** WORK INSTRUCTION **
Repeat back the entries that follow, keeping every word as it is.

(Collection entries)
◇ ◇ ◇ ◇ ◇

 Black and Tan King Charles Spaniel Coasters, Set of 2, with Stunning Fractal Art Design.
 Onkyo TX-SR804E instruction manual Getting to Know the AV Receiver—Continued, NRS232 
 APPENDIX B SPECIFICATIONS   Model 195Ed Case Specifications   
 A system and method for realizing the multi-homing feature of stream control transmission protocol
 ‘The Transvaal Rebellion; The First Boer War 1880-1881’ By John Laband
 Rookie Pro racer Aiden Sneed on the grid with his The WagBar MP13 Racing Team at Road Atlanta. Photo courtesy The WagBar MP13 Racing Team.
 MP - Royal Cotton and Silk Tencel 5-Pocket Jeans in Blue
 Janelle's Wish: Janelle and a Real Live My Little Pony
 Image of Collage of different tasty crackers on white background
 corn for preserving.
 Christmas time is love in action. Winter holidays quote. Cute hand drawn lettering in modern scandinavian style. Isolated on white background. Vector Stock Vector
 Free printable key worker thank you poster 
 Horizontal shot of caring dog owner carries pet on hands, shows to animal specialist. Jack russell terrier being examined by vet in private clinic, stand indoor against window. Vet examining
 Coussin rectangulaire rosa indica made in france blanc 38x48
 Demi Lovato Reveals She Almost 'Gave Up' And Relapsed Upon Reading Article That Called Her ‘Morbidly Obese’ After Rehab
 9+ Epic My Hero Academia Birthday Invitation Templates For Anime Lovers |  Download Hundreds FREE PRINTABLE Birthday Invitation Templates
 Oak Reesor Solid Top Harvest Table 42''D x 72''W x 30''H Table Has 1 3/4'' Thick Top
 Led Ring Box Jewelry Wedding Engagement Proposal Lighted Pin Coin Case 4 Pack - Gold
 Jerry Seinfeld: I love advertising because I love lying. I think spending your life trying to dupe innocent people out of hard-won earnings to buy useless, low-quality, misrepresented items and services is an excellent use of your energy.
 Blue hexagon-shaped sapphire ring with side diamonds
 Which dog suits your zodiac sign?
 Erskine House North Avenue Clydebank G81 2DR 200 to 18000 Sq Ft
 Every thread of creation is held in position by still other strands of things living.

◇ ◇ ◇ ◇ ◇

** TASK SOLUTION **
 Black and Tan King Charles Spaniel Coasters, Set of 2, with Stunning Fractal Art Design.
 Onkyo TX-SR804E instruction manual Getting to Know the AV Receiver—Continued, NRS232 
 APPENDIX B SPECIFICATIONS   Model 195Ed Case Specifications   
 A system and method for realizing the multi-homing feature of stream control transmission protocol
 ‘The Transvaal Rebellion; The First Boer War 1880-1881’ By John Laband
 Rookie Pro racer Aiden Sneed on the grid with his The WagBar MP13 Racing Team at Road Atlanta. Photo courtesy The WagBar MP13 Racing Team.
 MP - Royal Cotton and Silk Tencel 5-Pocket Jeans in Blue
 Janelle's Wish: Janelle and a Real Live My Little Pony
 Image of Collage of different tasty crackers on white background
 corn for preserving.
 Christmas time is love in action. Winter holidays quote. Cute hand drawn lettering in modern scandinavian style. Isolated on white background. Vector Stock Vector
 Free printable key worker thank you poster 
 Horizontal shot of caring dog owner carries pet on hands, shows to animal specialist. Jack russell terrier being examined by vet in private clinic, stand indoor against window. Vet examining
 Coussin rectangulaire rosa indica made in france blanc 38x48
 Demi Lovato Reveals She Almost 'Gave Up' And Relapsed Upon Reading Article That Called Her ‘Morbidly Obese’ After Rehab
 9+ Epic My Hero Academia Birthday Invitation Templates For Anime Lovers |  Download Hundreds FREE PRINTABLE Birthday Invitation Templates
 Oak Reesor Solid Top Harvest Table 42''D x 72''W x 30''H Table Has 1 3/4'' Thick Top
 Led Ring Box Jewelry Wedding Engagement Proposal Lighted Pin Coin Case 4 Pack - Gold
 Jerry Seinfeld: I love advertising because I love lying. I think spending your life trying to dupe innocent people out of hard-won earnings to buy useless, low-quality, misrepresented items and services is an excellent use of your energy.
 Blue hexagon-shaped sapphire ring with side diamonds
 Which dog suits your zodiac sign?
 Erskine House North Avenue Clydebank G81 2DR 200 to 18000 Sq Ft
 Every thread of creation is held in position by still other strands of things living.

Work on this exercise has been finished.